SECTION5.                    Indemnification and Limitation of Liability

(a)                 In the absence of willful misfeasance, bad faith, gross negligence or reckless disregard of obligations or duties hereunder on the part of FSSC and its trustees, officers, employees, agents and representatives, the Funds agree to indemnify FSSC and its trustees, officers, employees, agents and representatives against any and all claims, demands, liabilities and reasonable expenses (including attorneys’ fees), related to or otherwise connected with (i) any breach by the Funds of any provision of this Agreement; or (ii) any action by a Fund’s Shareholder against FSSC.

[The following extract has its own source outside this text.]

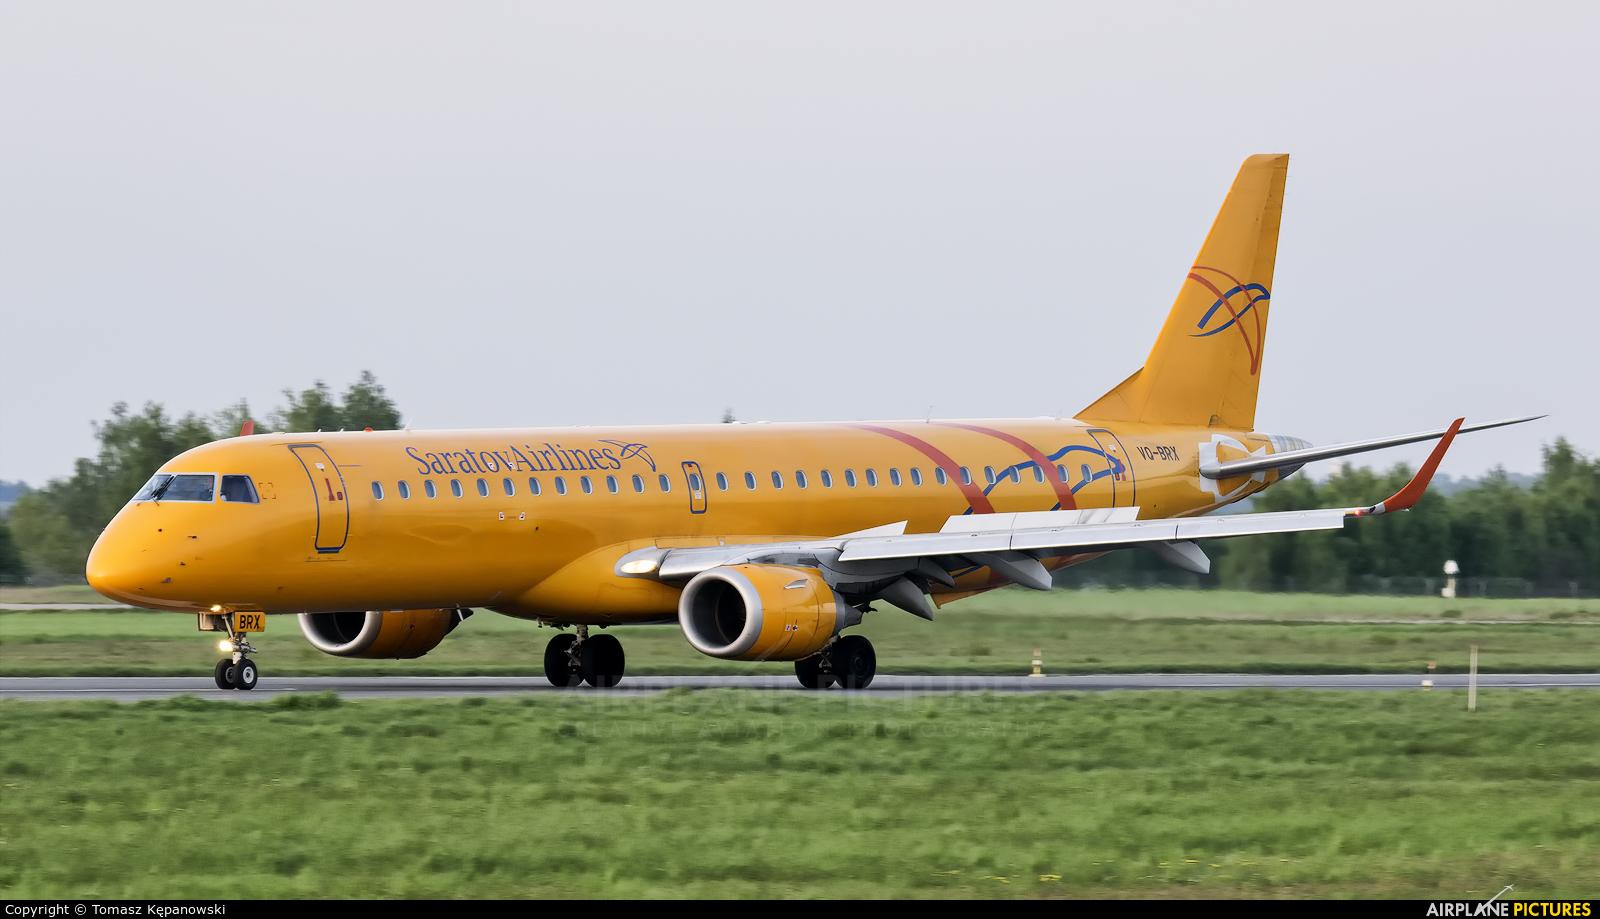 Saratov Airlines VQ-BRX aircraft at Rzeszów-Jasionka

(b)                FSSC shall not be liable for any error of judgment or mistake of law or for any loss suffered by any Fund in connection with the matters to which this Agreement relates, except a loss resulting from willful misfeasance, bad faith or gross negligence on its part in the performance of its duties or from reckless disregard by it of its obligations and duties under this Agreement. In no event shall FSSC be liable for indirect or consequential damages.

(c)                 Any person, even though also an officer, trustee, partner, employee or agent of FSSC, who may be or become an officer, employee or agent of any Fund or a member of a Fund's Board, shall be deemed, when rendering services to such Fund or acting on any business of such Fund (other than services or business in connection with the duties of FSSC hereunder) to be rendering such services to or acting solely for such Fund and not as an officer, trustee, partner, employee or agent or one under the control or direction of FSSC even though paid by FSSC.

(d)                FSSC is expressly put on notice of the limitation of liability as set forth in the Declaration of Trust of each Fund that is a Massachusetts business trust and agrees that the obligations assumed by each such Fund pursuant to this Agreement shall be limited in any case to such Fund and its assets and that FSSC shall not seek satisfaction of any such obligations from the Shareholders of such Fund, the Trustees, Officers, Employees or Agents of such Fund, or any of them.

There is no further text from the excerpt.